When Nadeem returns, hoping to masquerade as a tourist, he meets a monk named Ryushin, who would rather spend his days listening to heavy metal and searching the city for the best ice cream sundae. Ryushin agrees to visit with Nadeem in secret and the pair forms an unlikely friendship.

Over the course of five years, Ryushin and Nadeem watch each other through their ups and downs. Nadeem values Ryushin's comfort with himself, despite breaking the rules—a trait Nadeem wishes to foster in himself. "Crows are White" will take you over three continents, intertwining the director's own story with the monks', telling stories of two religions and Nadeem's personal reckoning.

"Crows are White" is playing twice more on March 16, with one showing at 12:30 p.m. and another at 1 p.m., at Violet Crown Cinema.

To Leslie

Following the brief rise and lengthy fall of Leslie, a single West Texas mother, after winning $190,000 in the lottery and quickly drinking it away. The film, directed by Michael Morris, begins years after her lottery win with Leslie—homeless, an alcoholic and down on her luck—waiting to be picked up by her now young adult son, James, who gives her a roof over her head and clothes on her back with one condition: no drinking.
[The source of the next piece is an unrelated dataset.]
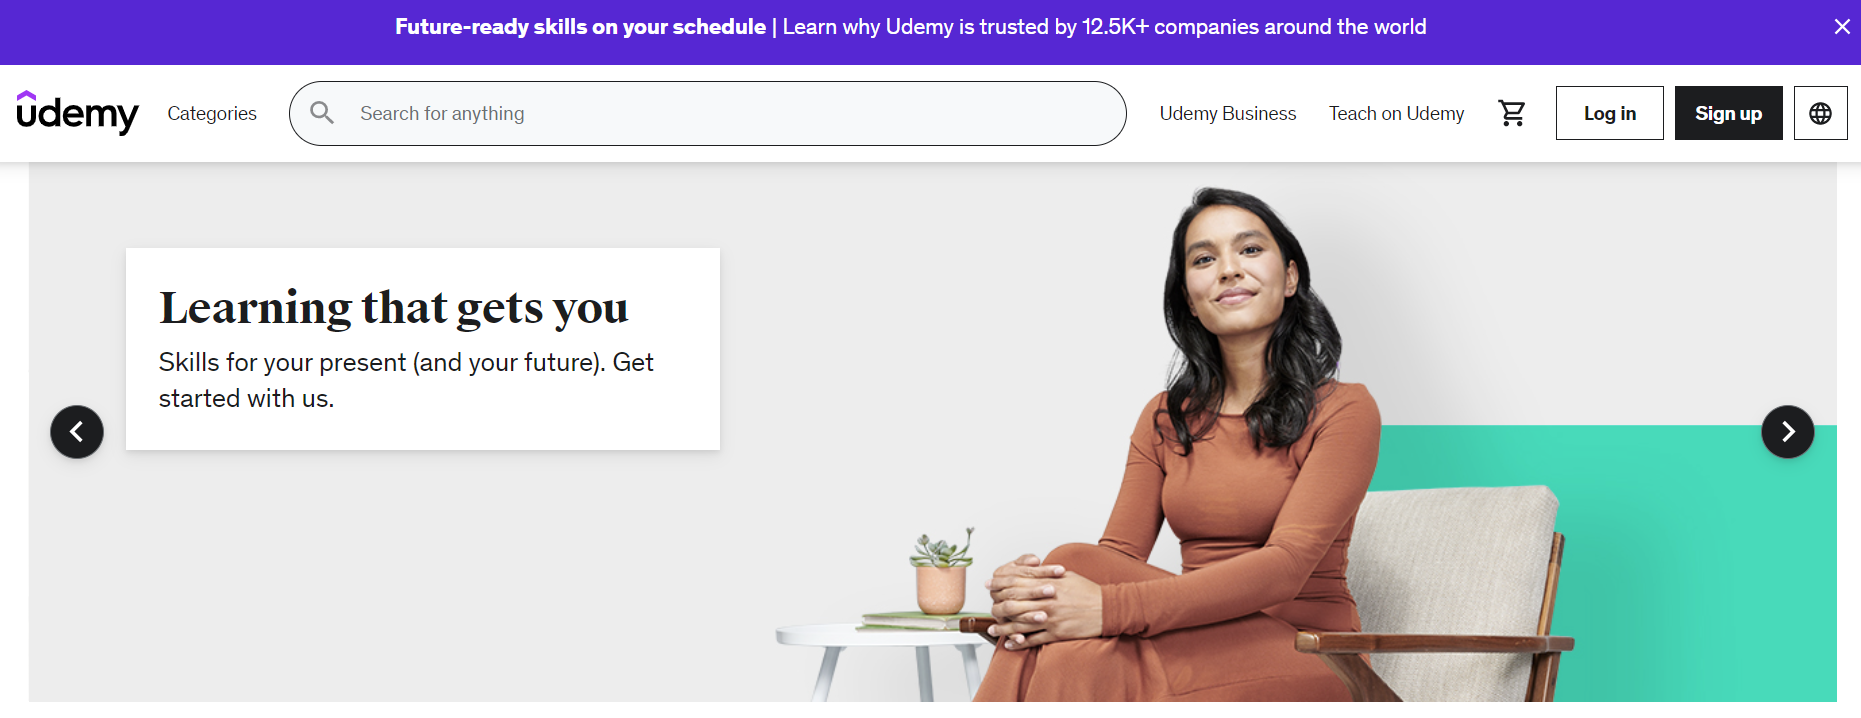 Udemy Business Model - homepage screenshot

After she breaks James' rule less than one day later, her son sends Leslie back to her hometown to confront the consequences of her actions and the people that she hurt in the process. After being kicked out of every place she was given to stay, motel clerk Sweeney takes a chance on Leslie and gives her a job.

Sweeney's influence leads Leslie to come face-to-face with herself and gives her the chance to turn things around. You may not feel sorry for Leslie but you'll root for her, share in her joys and sorrows, and hope she makes it through to the other side.

To Leslie is playing one last time on March 18 at 9:45 p.m. at Alamo Lamar A.

Clean

Who do you call to clean up the mess on the worst day of your life? Australians might call Sandra Pankhurst, a trauma cleaner who cleans spaces that nobody else would go near—hoarder homes, meth labs, crime scenes and shudder-worthy sights—with extreme kindness for the folks that live in them.

"Clean," directed by Lachlan McLeod, not only goes into the details of what it takes to be a trauma cleaner but tells the tale of how Pankhurst started the first trauma cleaning business in Melbourne. From an extremely traumatic background herself, Pankhurst was adopted and rejected by her new family at a young age, transitioned from male to female as a young adult, and went into prostitution all before starting the business.

You'll follow McLeod as he visits with clients to learn how the service has changed their life but you'll also bear witness to ongoing changes in Pankhurst's life, like living with a terminal lung illness from cleaning unprotected and getting in touch with her birth mother for the first time in her more than 70 years on Earth. "Clean" shows the fragility of life and gives hope of human connection.

"Clean" has one more screening on March 17 at 6:30 p.m. at Alamo Lamar A.